In the middle of a train carriage, there is a light source with a switch. At each end of the carriage, there is a simple apparatus which, when struck by light, releases a ball vertically onto the floor of the carriage. At the floor is a see-saw, with ends vertically beneath the falling balls. So if both balls strike the see-saw ends simultaneously, the see-saw will not tilt, but if they strike the see-saw ends at different times, the see-saw will tilt (if only momentarily).

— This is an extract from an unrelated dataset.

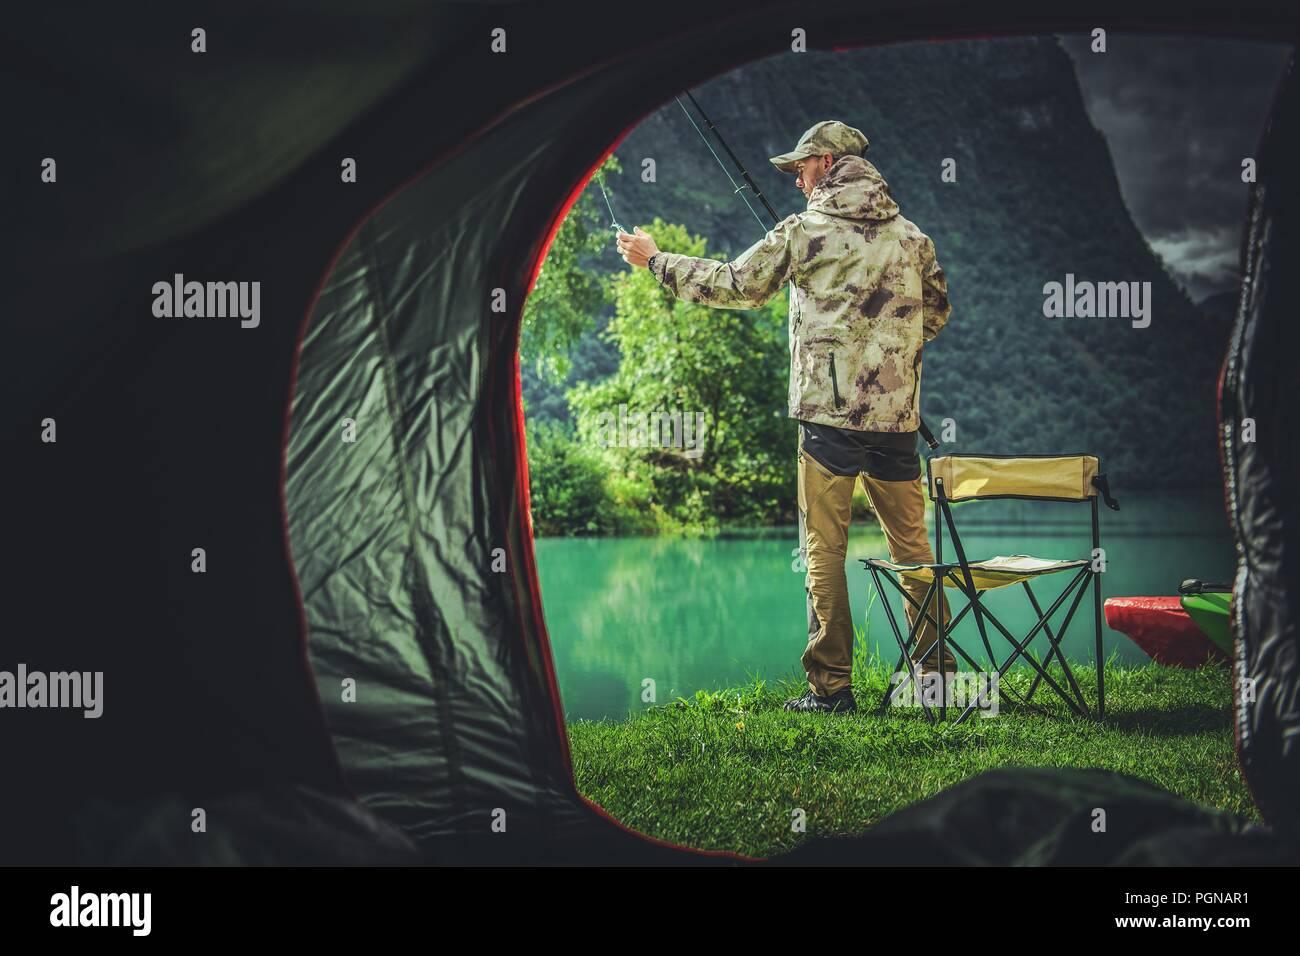 Camping Pêche de semaine. Caucasian Fisherman en face de sa tente. Photo Stock

Apparatus....................Light source.........................Apparatus
x<---------------------------O--------------------------->x
|.................................................................................|
|.................................................................................|
|.................................................................................|
|.................................................................................|
|.................................................................................|
|.................................................................................|
O................................................................................O
Falling ball..............................................................Falling ball

....................................See-saw....................................
===============================================
.........................................|

A man in the carriage switches on the light and finds that light strikes the ends of the carriage simultaneously, the apparatuses at the ends activate simultaneously, the balls drop to the see-saw simultaneously, and the see-saw doesn't tilt. (Assume that the reference frame of the carriage is inertial.)

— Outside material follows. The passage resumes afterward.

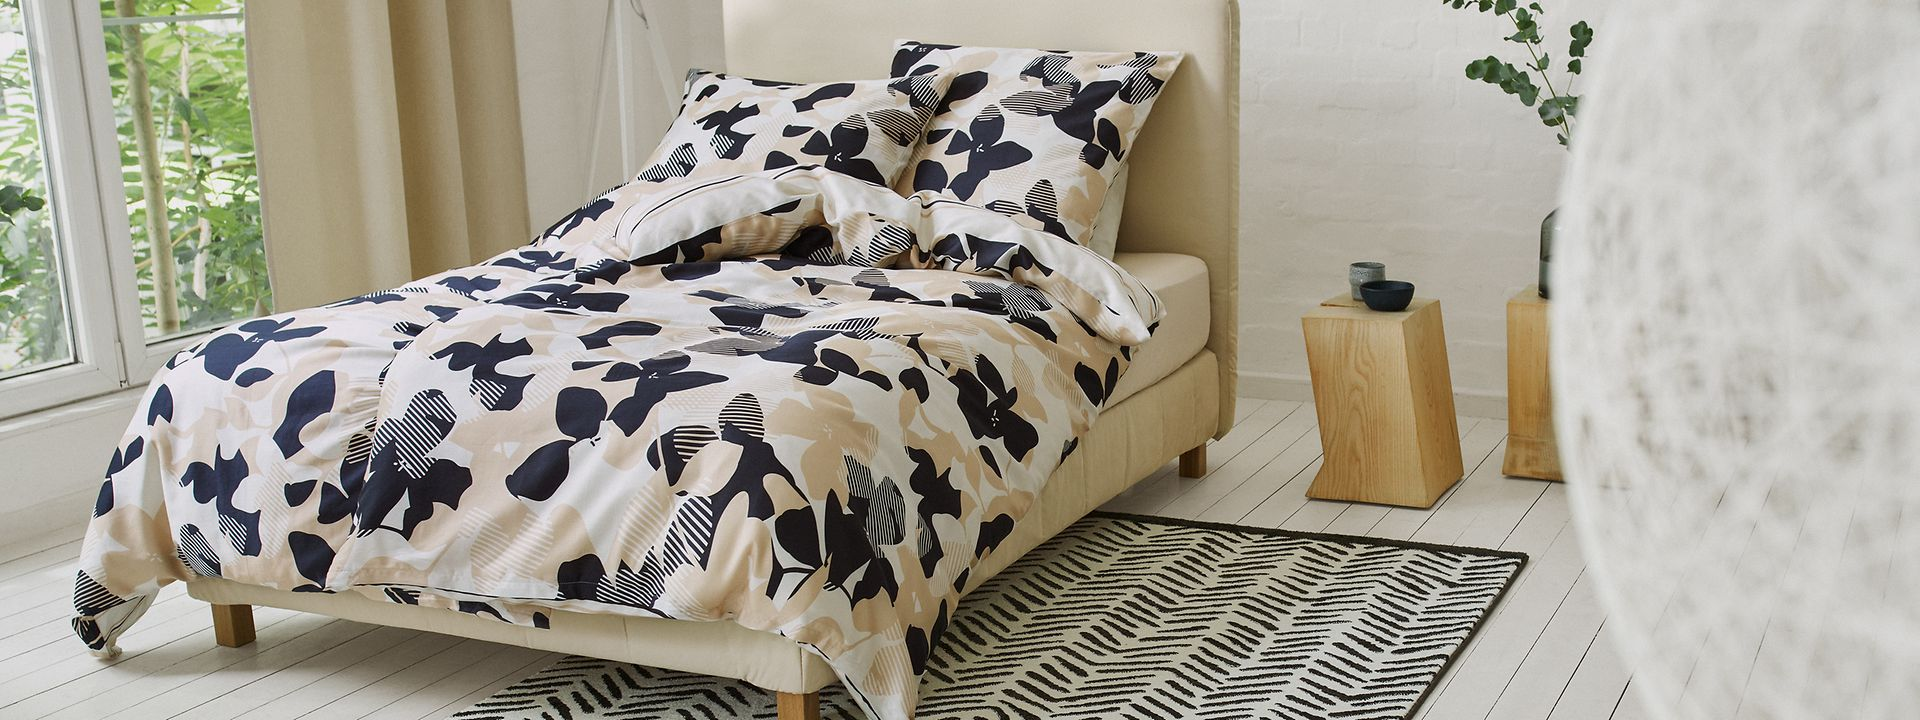 082021 - home - hero banner - bedroom - IMG

But a second man (in a different reference frame) travelling past the carriage at a constant velocity (from left to right, say) will find light to strike one end of the carriage before the other. So the balls don't drop to the see-saw simultaneously, and the see-saw will tilt.

This doesn't look right? Whether the balls strike the ends of the see-saw simultaneously may depend on one's reference frame, but whether or not the see-saw tilts surely cannot depend on one's reference frame? It seems that we must say that the see-saw does not tilt for the second man even though he finds one ball to strike the see-saw first.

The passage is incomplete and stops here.